Data Analytics Report
Order Code: 26463_960
Question Task Id: 0
Assignment : Analytics Report
The purpose of this task is to provide students with practical experience in writing a data analytical report to provide useful insights, pattern and trends in a chosen dataset in the light of a set of tasks required within this document. This dataset will be chosen from the UC Irvine Machine Learning Repository1. This activity will give students the opportunity to show innovation and creativity in applying the WEKA data mining software, and designing useful visualization and data mining solutions presented as an analytics report.
You will use an analytical tool (i.e. WEKA) to explore, analyse and visualise a dataset of your choosing. An important part of this work is preparing a good quality report, which details your choices, content, and analysis, and that is of an appropriate style.
The aim is to use the data set allocated to provide interesting insights, trends and patterns amongst the data. Your intended audience is the CEO and middle management of the Company for whom you are employed, and who have tasked you with this analysis.
Task 1 - Data choice. Choose any dataset from the repository that has at least five attributes, and for which the default task is classification. Transform this dataset into the ARFF format required by WEKA.
Task 2 - Background information. Write a description of the dataset and project, and its importance for the organization. Provide an overview of what the dataset is about, including from where and how it has been gathered, and for what purpose. Discuss the main benefits of using data mining to explore datasets such as this. This discussion should be suitable for a general audience. Information must come from at least two appropriate sources be appropriately referenced.
Task 3 - Data description. Describe how many instances does the dataset contain, how many attributes there are in the dataset, their names, and include which is the class attribute. Include in your description details of any missing values, and any other relevant characteristics. For at least 5 attributes, describe what is the range of possible values of the attributes, and visualise these in a graphical format.
Task 4 Data preprocessing. Preprocess the dataset attributes using WEKA's filters. Useful techniques will include remove certain attributes, exploring different ways of discretizing continuous attributes and replacing missing values. Discretizing is the conversion of numeric attributes into "nominal" ones by binning numeric values into intervals2. Missing values in ARFF files are represented with the character "?"3. If you replaced missing values explain what strategy you used to select a replacement of the missing values. Use and describe at least three different preprocessing techniques.
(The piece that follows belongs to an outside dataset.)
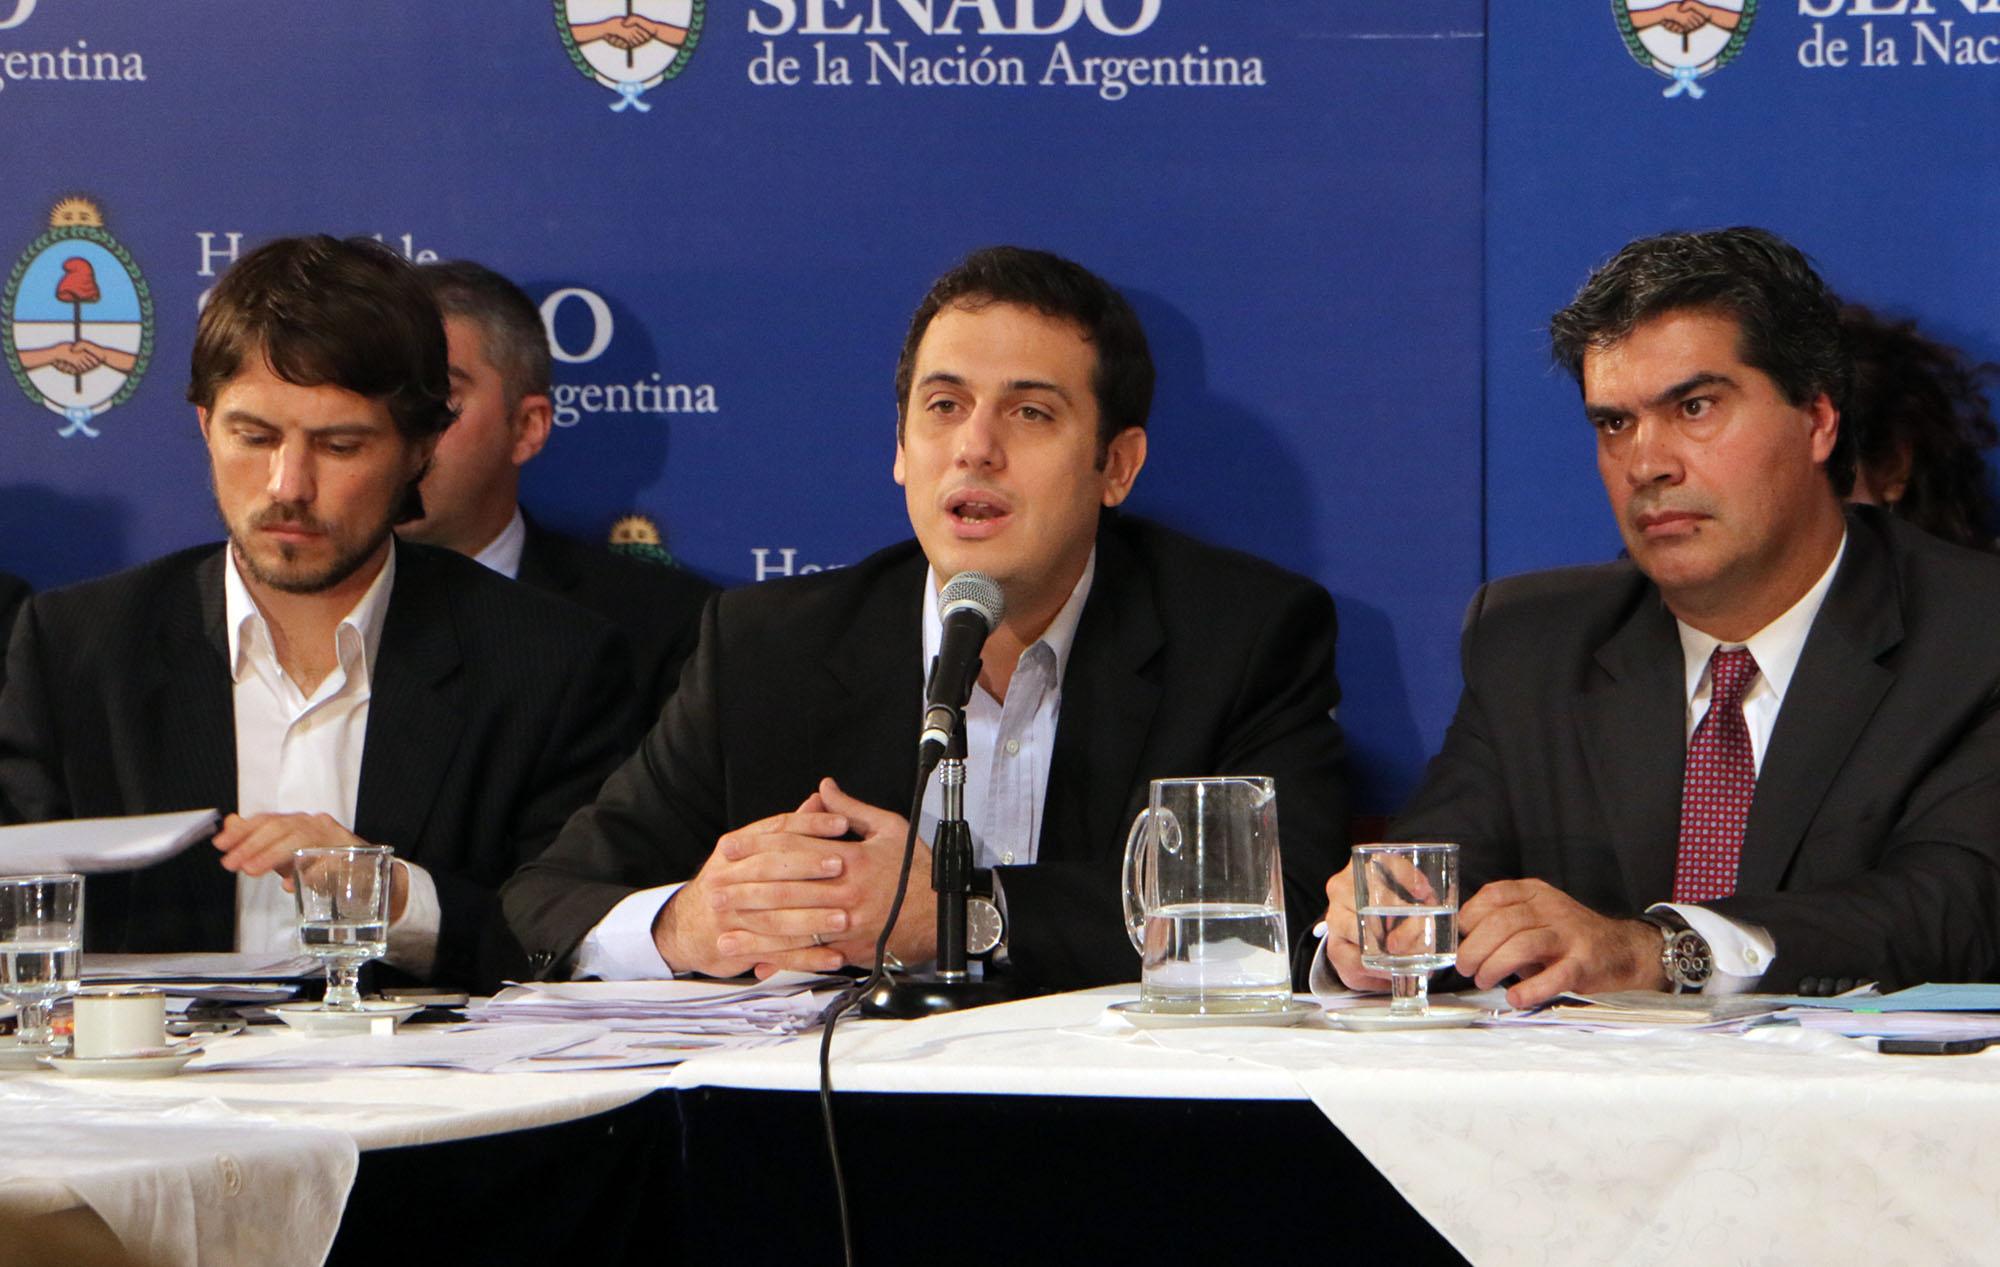 """Julián Alvarez: """"Estamos proponiendo reglas claras sobre las relaciones de consumo"""""""
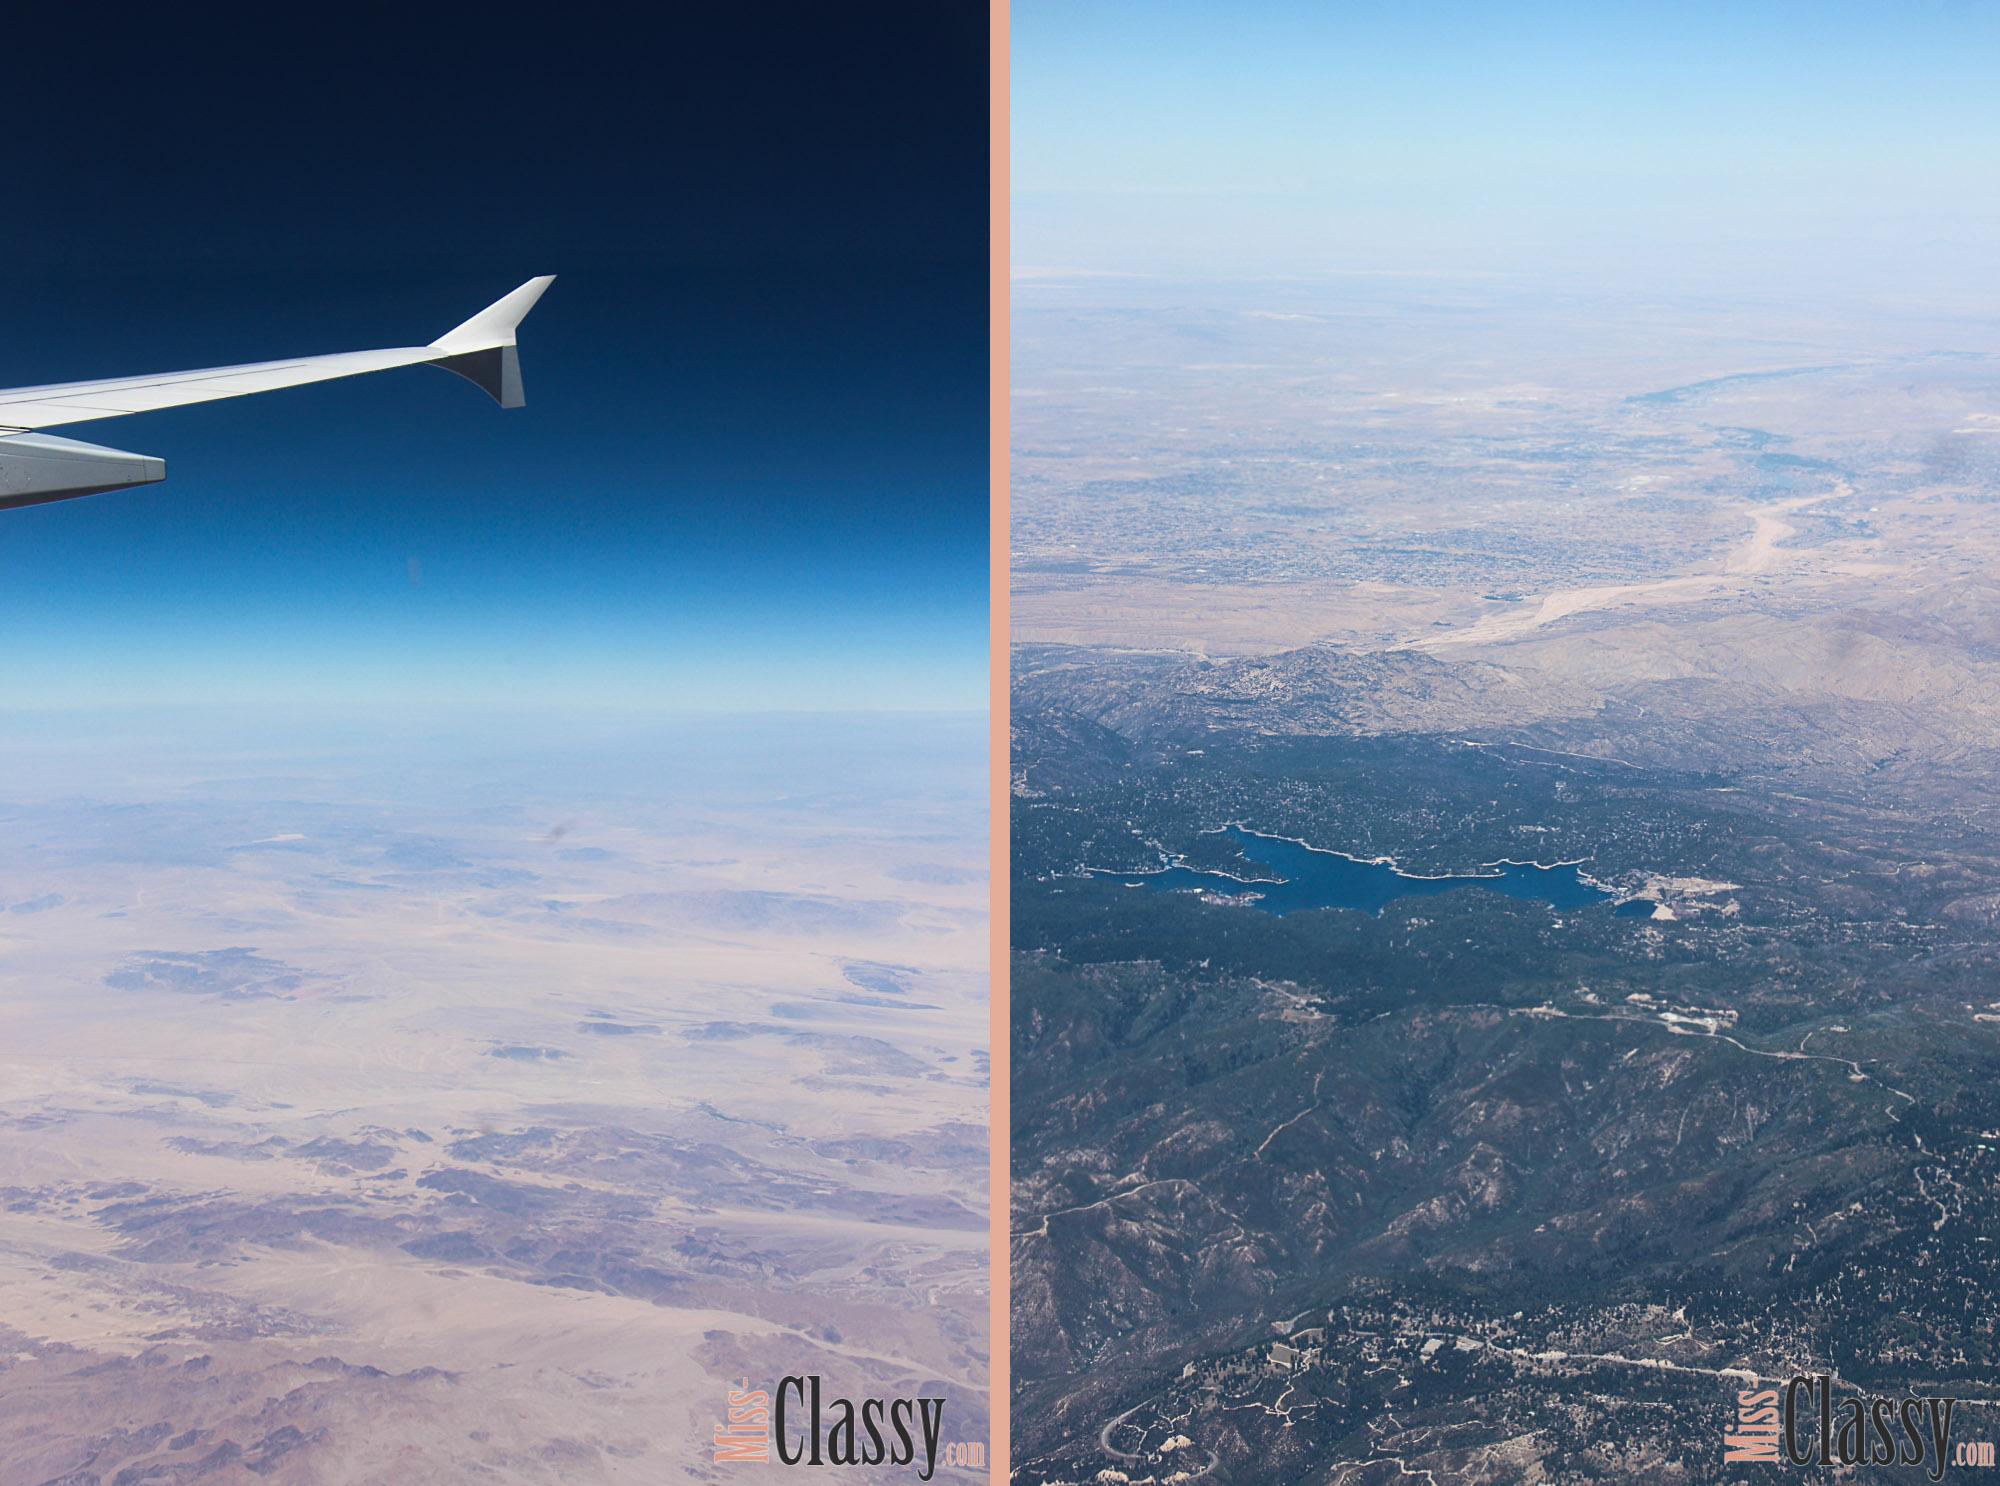 TRAVEL Los Angeles - Das Abenteuer beginnt, Miss Classy, miss-classy.com, Lifestyleblog, Lifestyleblogger, Lifestyleblog Graz, Travelblog, Travelblogger, Graz, Steiermark, Österreich, classy, beclassy, Reise, Travel, Wanderlust, Wayfarer, Roadtrip, USA, United States of America, Amerika, Los Angeles, Anreise, Lufthansa, A380

Task 5 Data mining. Compare and contrast at least three different data mining algorithms on your data, for instance:. k-nearest neighbour, Apriori association rules, decision tree induction. For each experiment you ran describe: the data you used for the experiments, that is, did you use the entire dataset of just a subset of it. You must include screenshots and results from the techniques you employ.
Task 6 Discussion of findings. Explain your results and include the usefulness of the approaches for the purpose of the analysis. Include any assumptions that you may have made about the analysis. In this discussion you should explain what each algorithm provides to the overall analysis task. Summarize your main findings.
Task 7 Report writing. Present your work in the form of an analytics report.